Once they begin working on the replacement, they hit an interesting snag: the old charting tool did a lot of stuff. Bar graphs, pie charts, smiley faces. They use it all over the application for many, many things. It's stated as a requirement that the replacement must - from the start - look, feel and behave like the the old one... just without the bugs (and debt, presumably). Now it looks like the replacement is going to be incredibly costly - perhaps prohibitively so. This isn't a solid way out of technical debt.
This is where it gets tough: the behavior change. The same old requirements/delivery patterns that got you into debt won't get you out of it. It's the opportunity cost of paying off technical debt: you can't buy functionality with the velocity you use to pay off debt. You have to realize that those things we 'got for free' in the past weren't really free, after all. There's no such thing as a free feature.

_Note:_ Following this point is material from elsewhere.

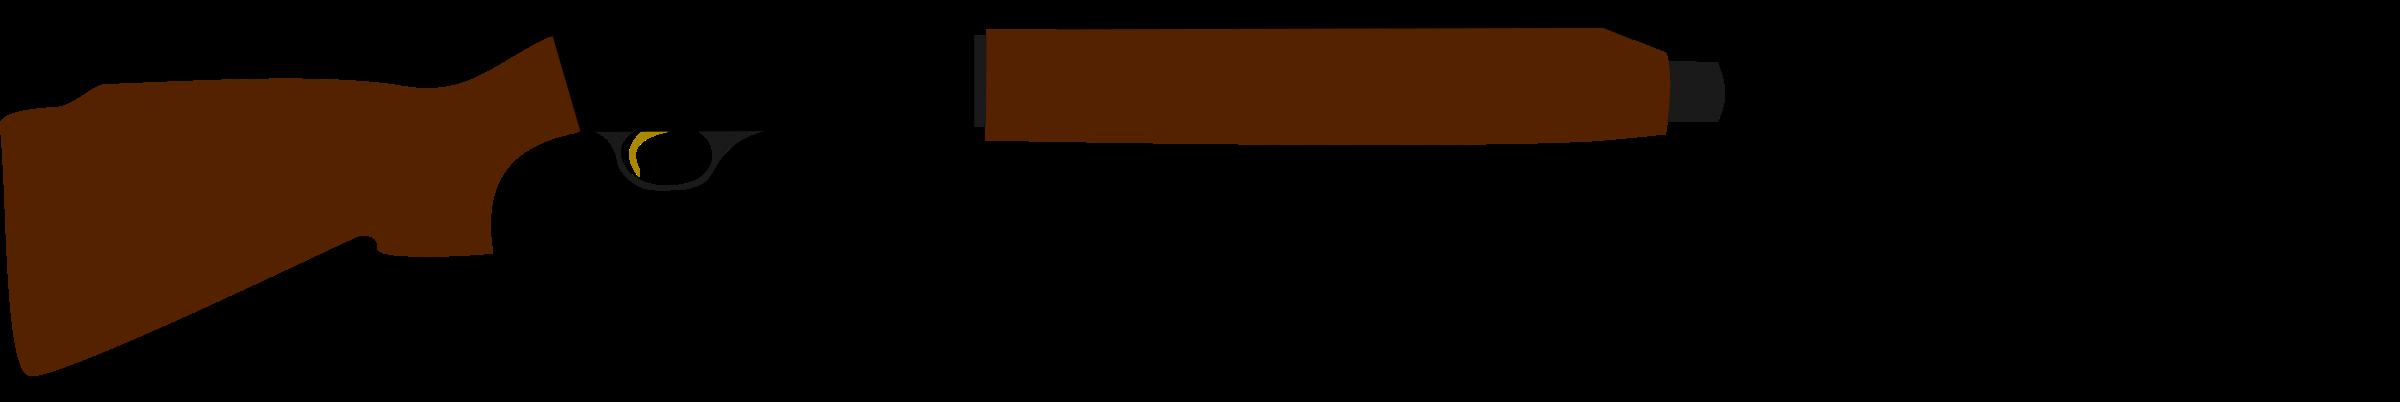 2400x402 Shotgun Clipart Rossi

One thing you could do instead is 'downshift' to incremental development: you get the highest-priority, core-value functionality ready to ship, then you iterate. This is agile 101. Each iteration gives you an opportunity to re-evaluate what you want this thing to do. Perhaps you don't want the same old stuff as before. Maybe you get some innovation out of your technical debt pay-down.
The behavior change comes in forgetting what you already had, and building it right this time by managing the process correctly. You wouldn't design it all up-front, then deliver a monolith of a feature in a green-field situation, don't do it here, either.